Long story but here it is. Mom's friend called and said she was declining and needed help. She refused to go to any home but mine. We are the closest out of her 4 kids but still haven’t been real close (narcissistic mom). We agreed to add on to our home to give her a place to feel comfortable and us to still have some normalcy. I’m noticing some signs of dementia. She gets angry if I remind her of anything so I bought a planner and just write what’s going on that day and cross out the previous day so she knows what’s going on.
My question is.. She gets really angry if I remind her of anything on hygiene or cleaning up after herself. So I have a dr appointment and wrote it in planner for her to shower before she looked at it and she ignored it. We have arguments at least 1 a week about her showering. I’ve asked if she’s scared she will fall, needs help, too much energy, forgets? She says no. Just that she doesn’t need to be told what to do. And that I’m not her mom. I’ve told her I put it in planner to remind her what day of week it is and that I put it 2 days a week so that I’m home to help if she needs it. She doesn’t want anyone for Home health coming in to help. She’s gone over 2 weeks when I just backed off and I can’t handle it! I’ve asked her to help me to understand so I can help her and she just says I’m bossy. She’s told me she wishes she were gone. She’s on antidepressants, I’ve tried to help her to focus on the positives. She just glares at me and goes down a rabbit hole of negative. This is getting so exhausting. Please any suggestions would be great. Another note and another topic she is a hoarder so I don’t know if this just attributes to it all? Things I should address with her dr and how to talk to them without her getting angry? 😣
She is not just resistant about showering, if she isn't given an incentive, she is downright explosive and vicious, as in "I hate you, get out of here." About 6 weeks ago she even told my sister she was taking Judo classes and would take her out. She lives alone, does not drive, goes nowhere without one of us, but is taking Judo. This is how much she hates showering.
Dangle a "carrot" in front of her face.
Also, on a separate sheet of paper, ask her doctor/nurse team to write an order of sorts advising her to bathe every Monday or whatever day is best for you, on the doctor’s office letterhead. Keep this bathing order out where she can see it. Repetitious reading helps. Remind her when it’s bath day and produce the letter if she’s forgotten, and she will.
If your mom is receptive to her doctor’s advice then this might help and if she isn’t, it didn’t hurt to try.
Good luck!
My dad’s doctor did this for us and even wrote about the importance of bathing to shield against infections and bacteria. He also gave him a bedtime because my dad has more energy than is good for him. Doesn’t always work but oh how wonderful when it does.
I don't know why this is such a common thread, but everyone complains about their family member with dementia not wanting to bathe. I think they avoid bathing for many reasons....vulnerability, confusion on what to do and how to do it, a fear of falling, not remembering when they bathed last and I think they have lost their sense of self awareness. They don't know how they look or how they smell, etc... but they still have that ingrained response of "it's none of your business and they don't want to talk about it". LOL
Try to make the bath and shower spa-like and fun. Nice music and comforting products may help.
It may make her feel humiliated to hear she stinks. It may make her feel demeaned to see “take a shower” on the calendar. She is losing control over herself and that is scary. Be gentle with the words you choose.
What do you remember about her bathing habits? Did she like hot baths? Reading in the tub? Long showers? Try to recreate what made her happy as long as it’s safe. (Watch out for bubble baths which can cause UTIs).
Some luxury hotels offer “bath packages.” Take a look for inspiration.
Add grab bars and absorbent safety mats. If she takes a long hot bath, stay close to help her stand and exit the tub if needed.
Next would be getting her to the doctor. Fibs are your friends. Medicare requires yearly (or more frequent) checkups.
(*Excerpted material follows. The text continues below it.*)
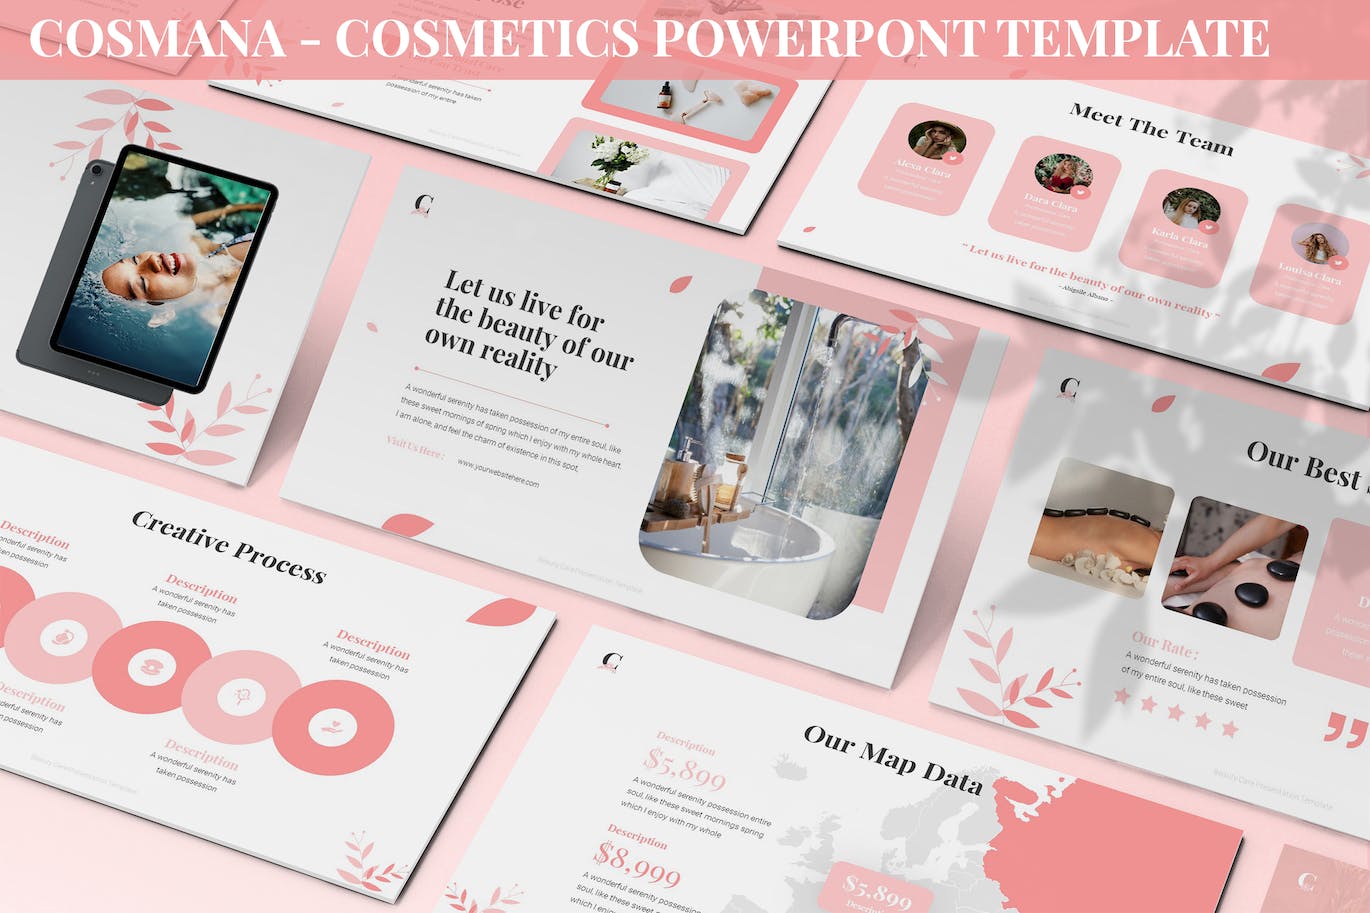 A selection of images of unique presentation template slides on the theme of cosmetics.

Document all your concerns and observations and provide those before the appt, so doc has time to review first (letter or through the portal.) If doc is also good, he won't mention your letter or documentation. He can use what you provide to explore what's going on with her. I would stay out of the exam room, since you already gave information. She might be more willing to be open or accept what the doctor says if you are not there. S/he might also be able to convince her to sign a health care proxy, same reasoning. Even if you have POA, this would be on file in the office, no need to find your copy of the POA.
I also wouldn't worry about her showering before the office visit. Let the doc see her in all her glory! All the more reason for the doc to believe you over her.
As for compliance at home... Arguments will only get you and her upset. Yes, we would prefer they, occasionally at least, can bathe and be clean, but arguing will get you nowhere fast! In MC they can't force any resident to do things they are refusing to do, such as bathing, taking medications, getting wound care or go for medical treatment. Even those with dementia have "rights." So, the staff has to coax the person, trying somehow to make it THEIR idea to do whatever needs to be done. Ask instead of tell. Does it always work? No, but it's worth a try! Wouldn't you like to get cleaned up mom, so we can go to _______ (that being something she likes to do.) Lay out fresh towels and clothes, perhaps some nice smelling soap, etc. Let it be HER idea. Don't try to correct her either, even when you know she's wrong. Acknowledge and move on to something else.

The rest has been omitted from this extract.